▶ _ABOUT THIS EXERCISE_
With the pictures excluded, reproduce all of the data exactly.

Top of INFORMATION SUPPLIED

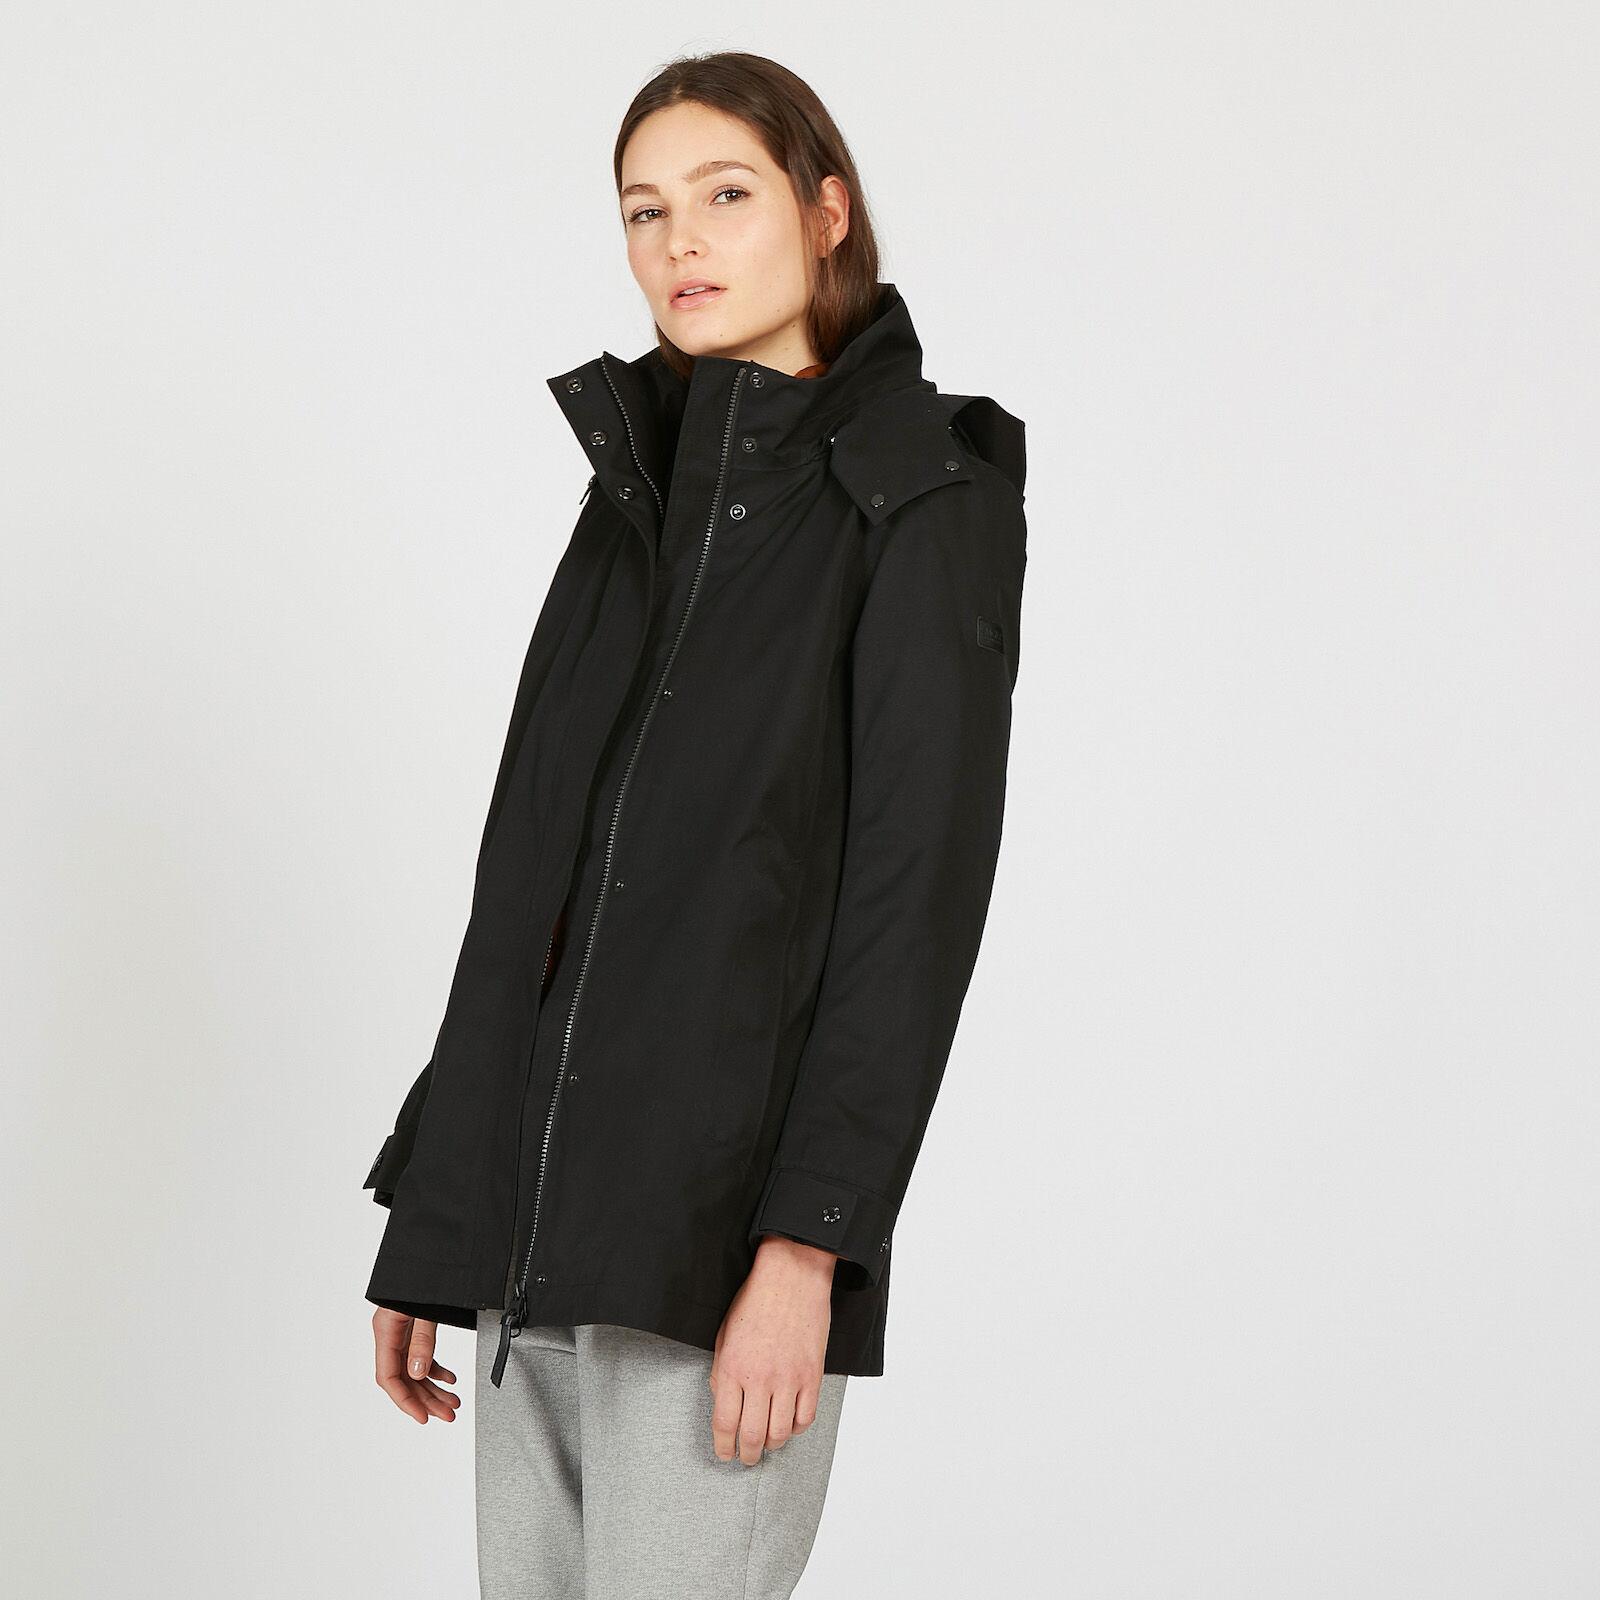 Manteau doudoune fine femme
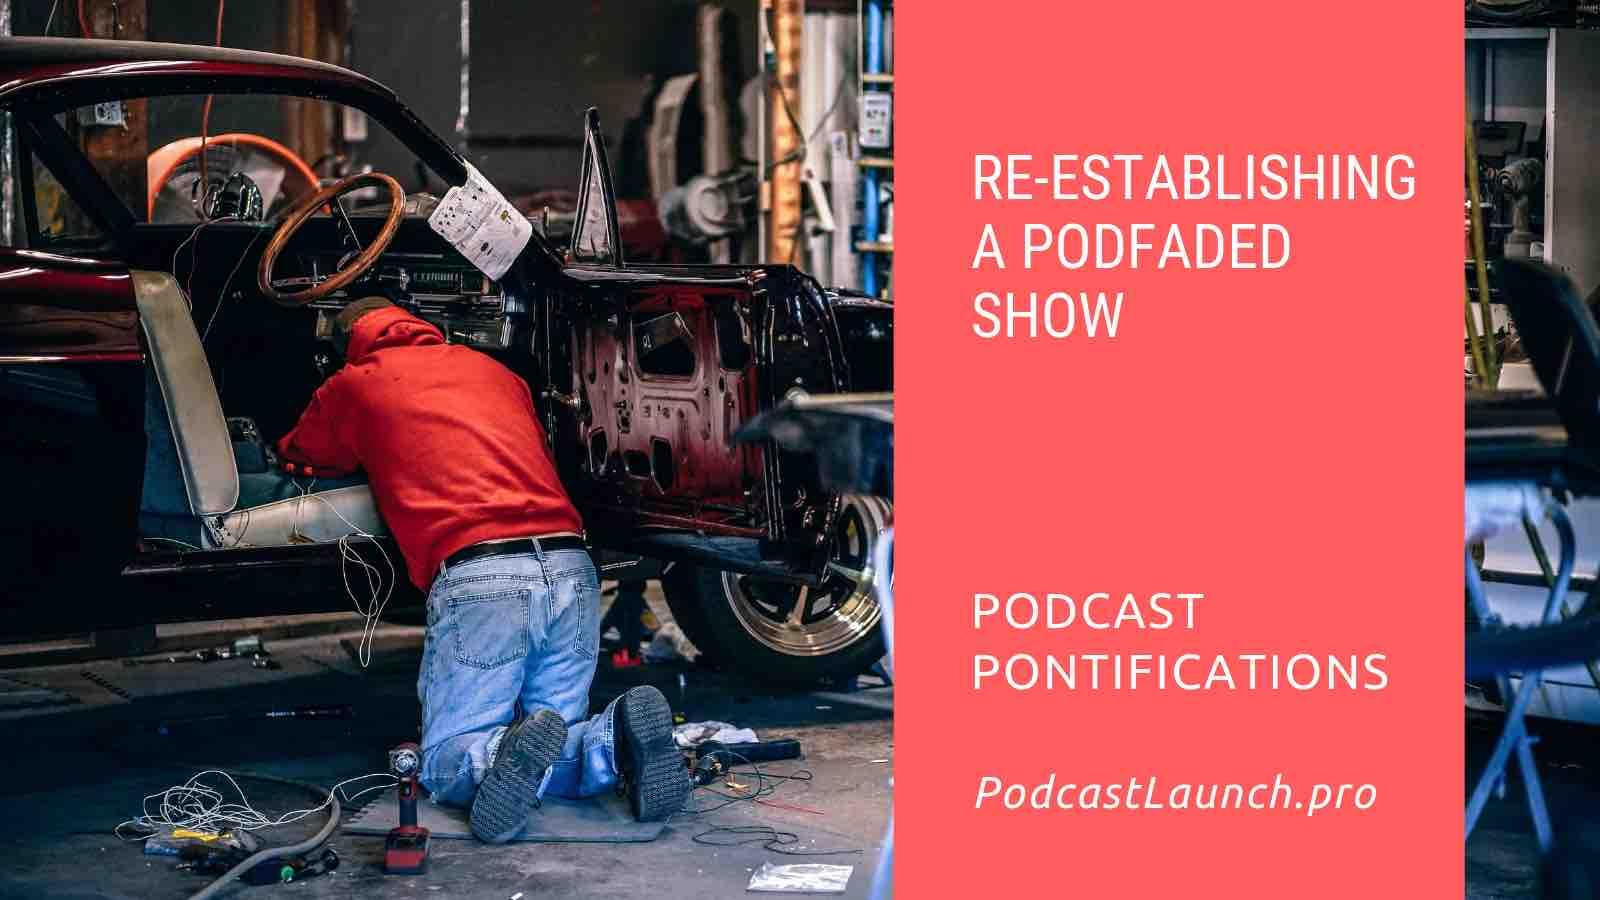 Re-Establishing A Podfaded Podcast
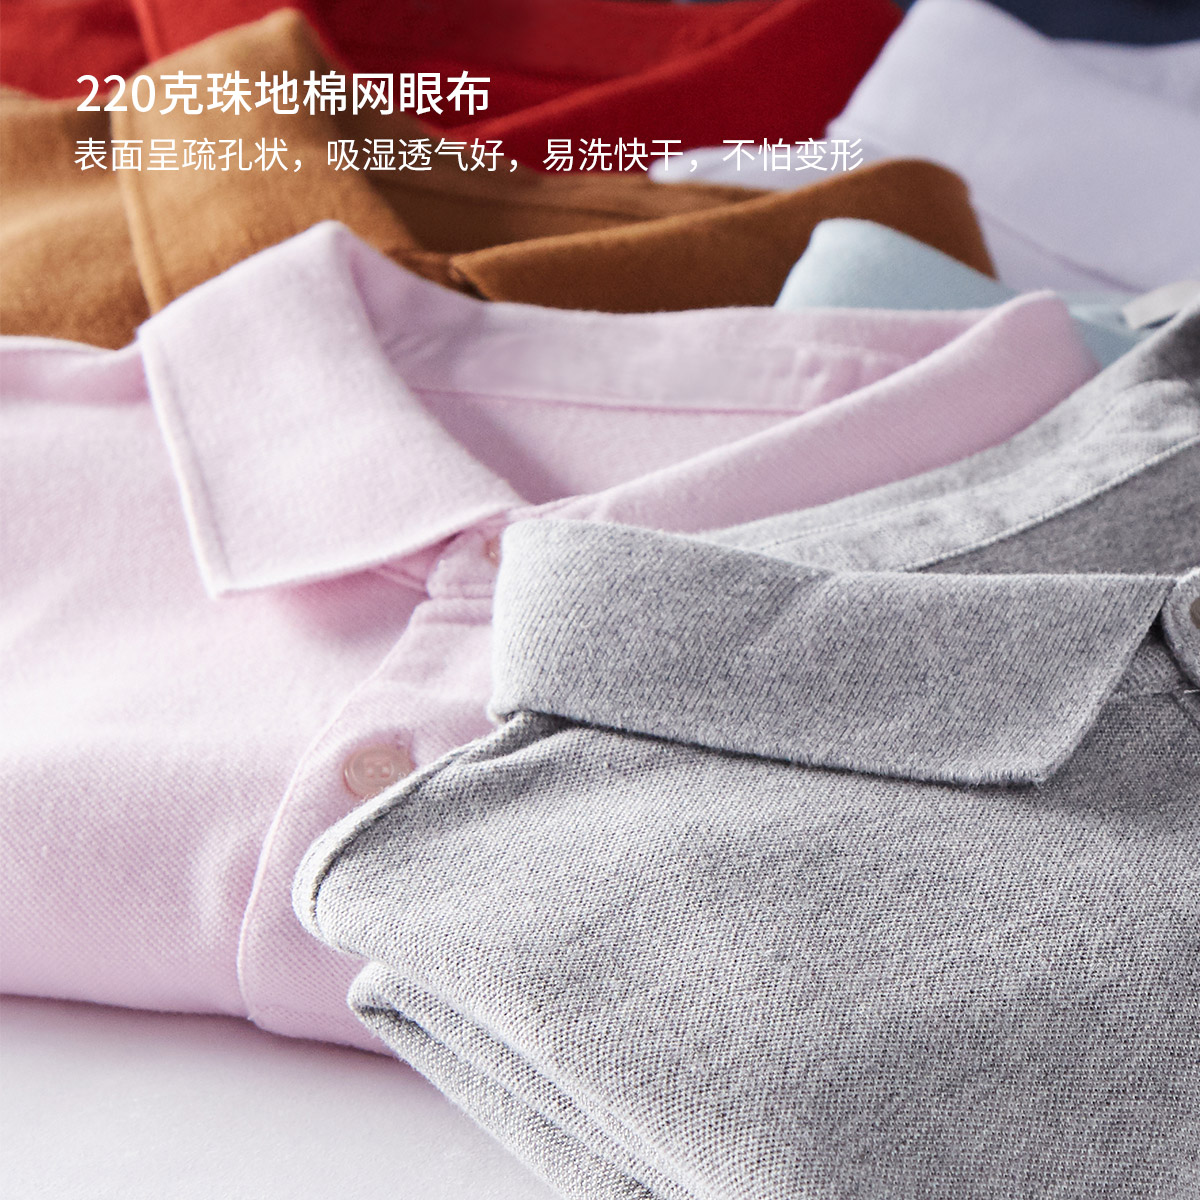 polo衫男短袖纯色翻领T恤夏季男士黑色半袖纯棉男装大码潮流宽松

Bottom of INFORMATION SUPPLIED

▶ _EXPECTED OUTPUT_
 Manteau doudoune fine femme
 Re-Establishing A Podfaded Podcast
 polo衫男短袖纯色翻领T恤夏季男士黑色半袖纯棉男装大码潮流宽松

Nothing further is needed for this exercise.